Crímenes odiosos

La respuesta que se ha dado desde el derecho a los discursos contrarios a la moral dominante, obscenos, de mal gusto, a los insultos, a las acusaciones, a la incitación al odio contra uno o muchos, contra categorías de personas, contra instituciones, a las llamadas a la comisión de actos violentos o dañinos contra personas o cosas es y ha sido tan variada que no es raro que se perciba esta materia como una de las más complejas de resolver.

Hay acuerdo universal en que se deben castigar las amenazas, por su efecto intimidante. Pero deben reunir unas condiciones concretas de seriedad, entidad, que se dirijan a personas concretas que deben ser percibidas como destinatarias por un observador imparcial. También lo hay en que deben castigarse los comportamientos que incitan a otros directamente a la comisión de actos que a su vez sean delictivos.

En algunos lugares es delito la calumnia (la atribución a otro de un delito sin que lo haya cometido) y la injuria (el insulto innecesario). En todos es una conducta ilícita que puede dar lugar a una obligación de reparación. Su lógica se asienta en que la libertad de expresar ideas no ampara la agresión verbal injustificada contra una persona física y se consideran así las atribuciones injustificadas de conductas especialmente graves o la vejación verbal que no sea precisa para exponer esas ideas. Esa es la característica básica del insulto, su naturaleza gratuita en el contexto del discurso; su pertinencia solo como ad hominem dañino.
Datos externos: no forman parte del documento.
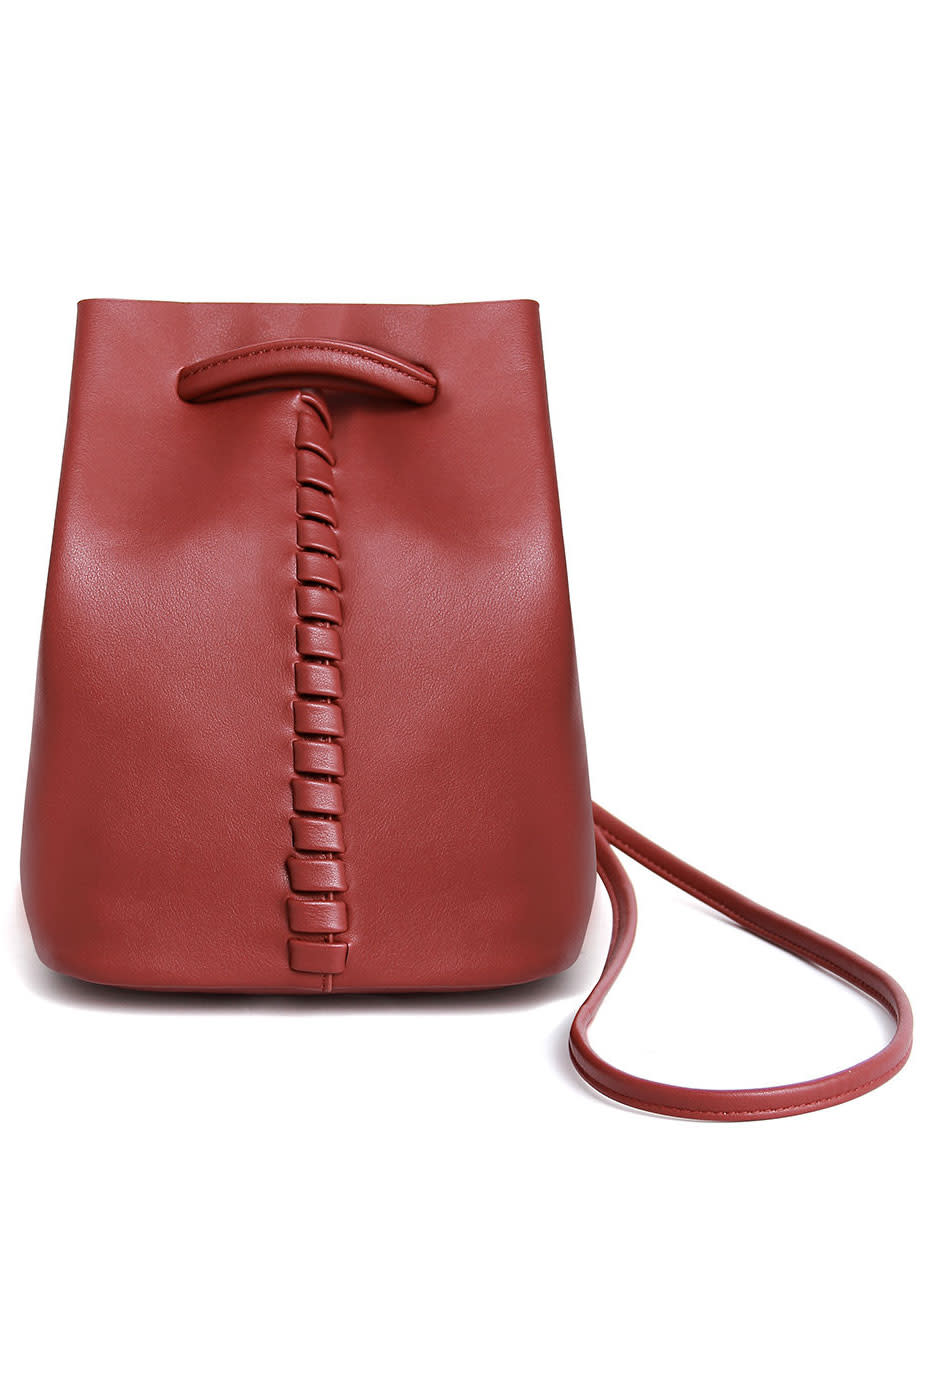 Yep, your essential bag is super affordable.<br><br><strong>Yoins</strong> Drawstring Leather Bucket Bag, $, available at <a href="https://go.skimresources.com/?id=30283X879131&url=http%3A%2F%2Fwww.yoins.com%2FDrawstring-Leather-Bucket-Bag-in-Red-p-1042754.html" rel="nofollow noopener" target="_blank" data-ylk="slk:Yoins" class="link ">Yoins</a>

La admisión como delito de injurias y calumnias a instituciones o a cosas (por ejemplo, a símbolos) es más discutida y parece más propia de una lógica patriótica militante que quiere defenderse frente a elementos hostiles. Muchas personas se horrorizan ante el que quema una bandera o calumnia o insulta a instituciones para ellos venerables, pero las instituciones o lo símbolos no pueden sentir, por sí mismas, daño. El único dañado sería mediato: aquel que cree en ellas. Sucede algo similar con el delito de ofensa a sentimientos religiosos (o, en ese tirabuzón disparatado del derecho español, de ofensa al sentimiento de ateísmo de un ateo): el objeto de la «burla» u «ofensa» es un ente de la razón que alguien puede creer que existe, pero que no puede presentarse en un tribunal como auténtico ofendido. Una sociedad libre debe permitir que se cuestionen (en el ámbito del discurso) todas las ideas y creencias, también las más preciosas para muchos de sus miembros.

Y aquí entramos en el terreno más pantanoso, el del denominado discurso del odio. La peligrosidad de ciertos discursos es evidente, se ha probado históricamente, y por esta razón podía parecer lógico que se persiguiesen. Este movimiento nace del horror nazi y su enorme pila de cadáveres. Cuando cierto discurso (racista y criminal) había finalizado con la casi destrucción de los judíos europeos resultaba casi banal oponerse a su persecución por el prurito de la defensa de la libertad de expresión. Pero ¿no suena esto a solución ad hoc que podía imponerse porque la derrota había sido total? Se entiende esto mejor si consideramos las discusiones sobre la definición del recién creado delito de genocidio. Se limitó a la raza porque la definición de un grupo por razones políticas apuntaba directamente a Stalin. Era genocidio matar a los judíos por ser judíos (y el genocidio era el peor crimen), pero no a los ucranianos o, más tarde, a los miembros del pueblo nuevo camboyano, ya que unos y otros eran ciudadanos de la misma raza que aquellos que los mataban.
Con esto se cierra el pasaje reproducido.